Two
Eleanor Mae was
born in Baltimore.
An Aquarius. Born twenty-two years into
the millenium. The second child and the only daughter, to a British mother,
Jennie and a father, Howard, who enlisted in the Royal Canadian Mounties before
the United States
had gotten into the first world war. It
was there that Grandaddy lost his arm.
Her dashing older
brother was three years her senior.
There was another dashing brother
five years her junior. A couple of
siblings were born interspersed around them. Had they lived, there would have
been seven children in the Hood family.
Mom married at
eighteen. She and my Dad joined the
Army. Mom was in the Women’s Auxillary
Corps (WAC). My memory is that they were both in the military for two years. After their service, they returned to Baltimore.
Somewhere along
the line, Mom ran a lathe. That was typical
of most women during the war years after their spouses left for military
service.
Mom said her
father was an alcoholic, that her mother always crying, always whining. None of it was what I experienced except for
my Grandaddy’s drinking. He was often
drunk. I know that because he often fell
off a barstool. I would spend part of my
summer vacation taking care of him while his six ribs healed from the fall. There
were lots of jokes about his drinking.
One in particular was that he needed something to strap him upright to
the bar stool. That was long before
seatbelts were invented in automobiles.
My memory of my
Nana was that she was loving, wore colorful jewelry (costume, but who cares)

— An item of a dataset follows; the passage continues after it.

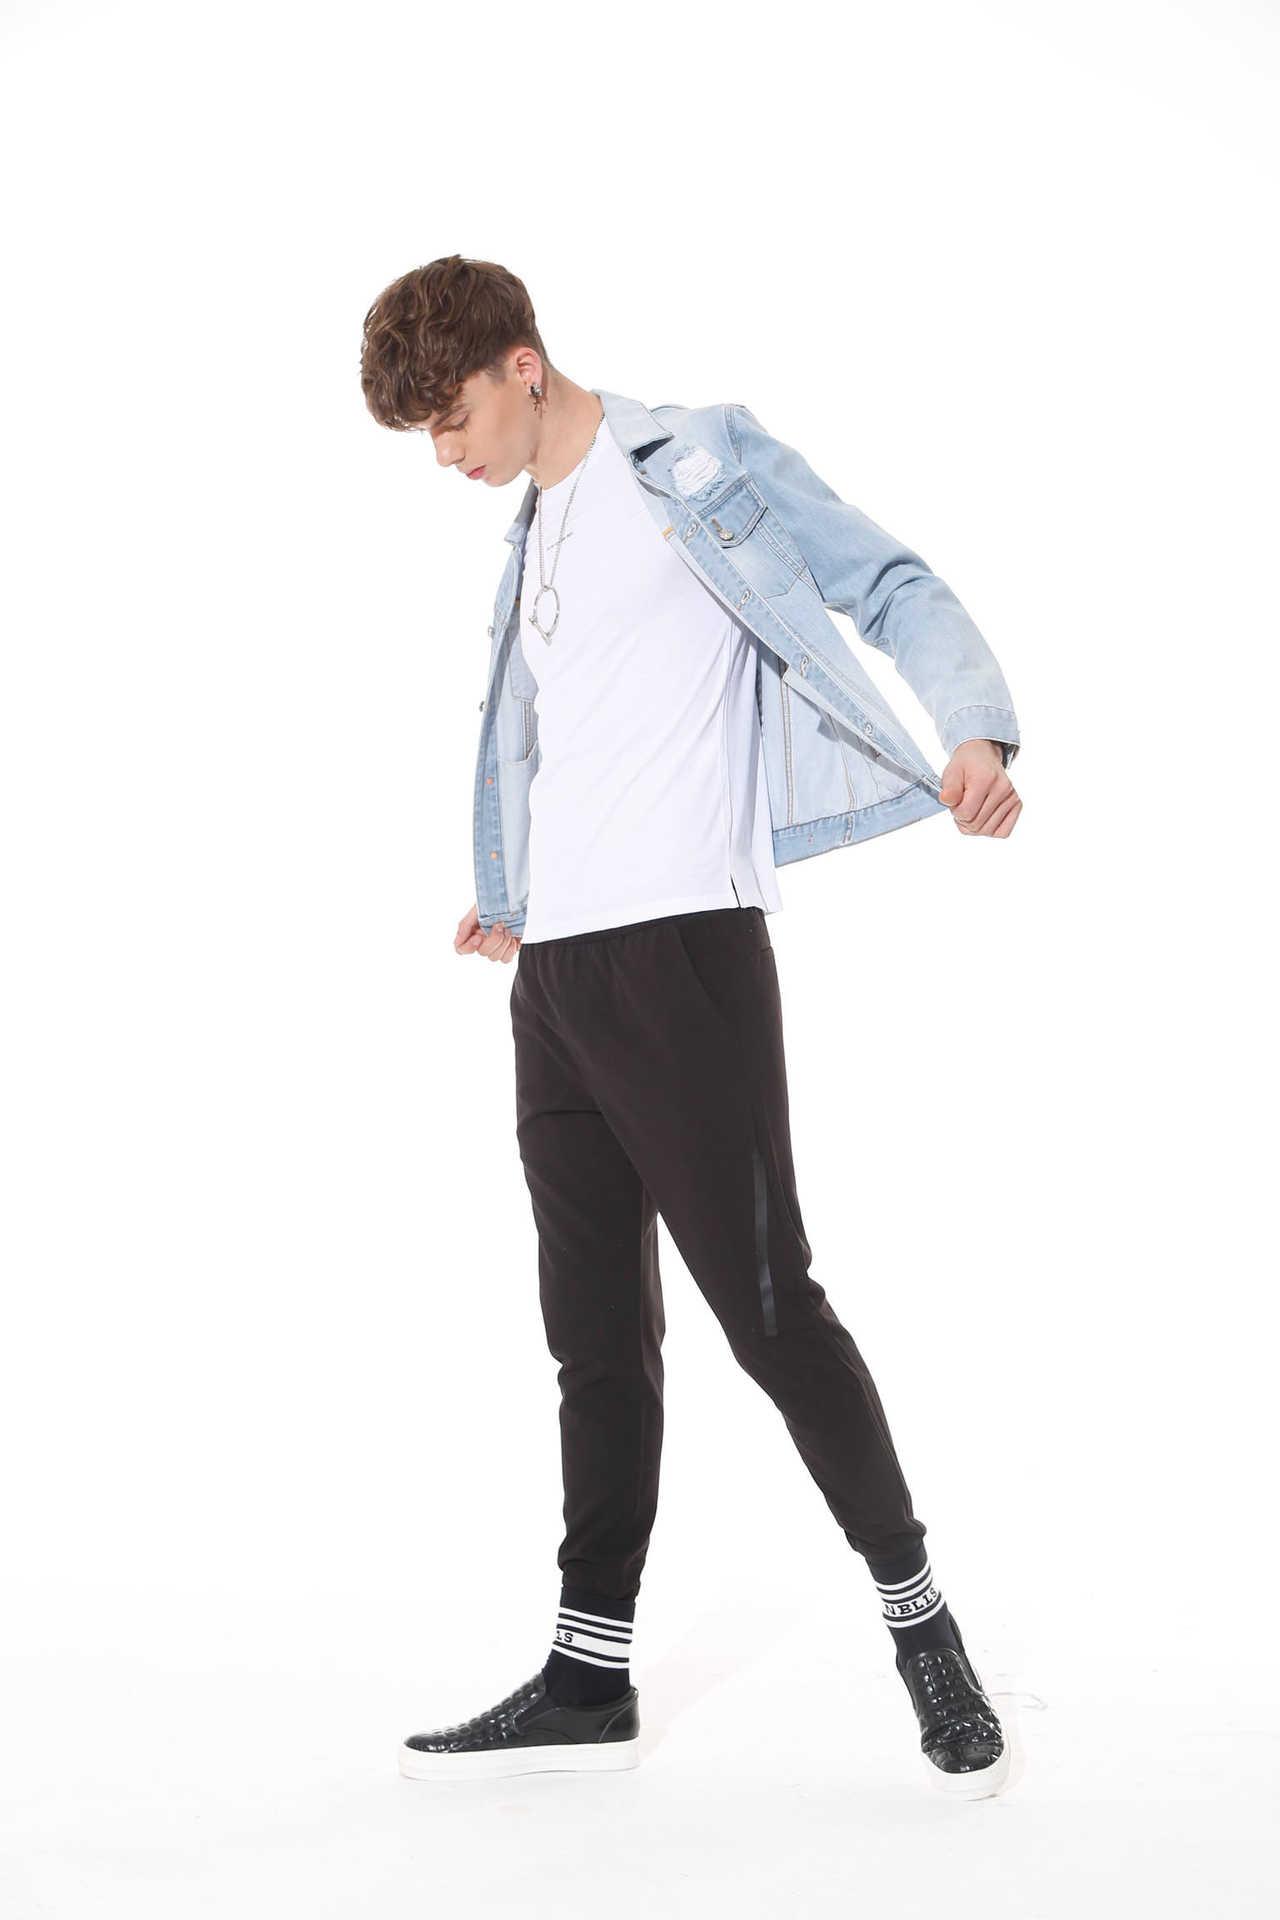 佐纳利品牌服装销售支持政策 ZENL风尚男装品牌加盟政策

and always had a hat on. She also said, “to
mat toes” for tomatoes. It didn’t make
sense she didn’t pronounced potatoes the same way. It always made me laugh.
Nana, a petite and
warm woman, came to the United States
in the early ‘20s from London,
England. Over time she lost most of her accent except
when she would speak of tomatoes. She
pronounced them “toe matt toes.” It
always made me laugh.
Nana had eloped in
her early twenties to marry her handsome boyfriend from Maryland. He then enlisted in the Canadian
military long before the United
States got into the first World War. That is where he lost his left arm. Nana
later learned his family owned the land on which Cape
Canaveral is built.
Nana says that
there were maids in her home when she was raising her children. An upstairs maid and a downstairs maid. There is also evidence the family was
wealthy.
Grandaddy’s
parents died when he was young. Sent to
work as an indentured servant essentially, a lawyer saved his life. Not in a physical sense but more in an
opportunity sense. When Grandaddy was
seventeen years old, a lawyer came to the house where he was working. He’d been living in a barn and the attorney
told him he came into a great deal of money.
He left both the barn and his employers immediately. After he finished high school he went to
college.
Rumor is that he
was bitter from the abuse of his employers.
That and losing his arm in the war are the reasons our family believe he
started drinking. It is hard to know for sure about that since he rarely spoke
to any of us.
Mom said he was
often abusive to her, both physically and verbally. That she couldn’t go to medical school and
had to go to work to support the family because of his drinking and inability
to work consistently left her both angry and bitter. She never spoke about her
anger but was quick to identify it in others.
Aunt Phyliss, my
mother’s childhood friend, called her “Scrappy.” My brother and I called all of
my Mom’s family and friends “aunt.” It
was a southern endearment. Phyliss was my father’s second cousin. She introduced my parents to one another.
Phyliss was one of
the best people I knew. And very aware
of children, unlike my mother. Phyliss
always offered me a treat when Mom and I visited her in the next town.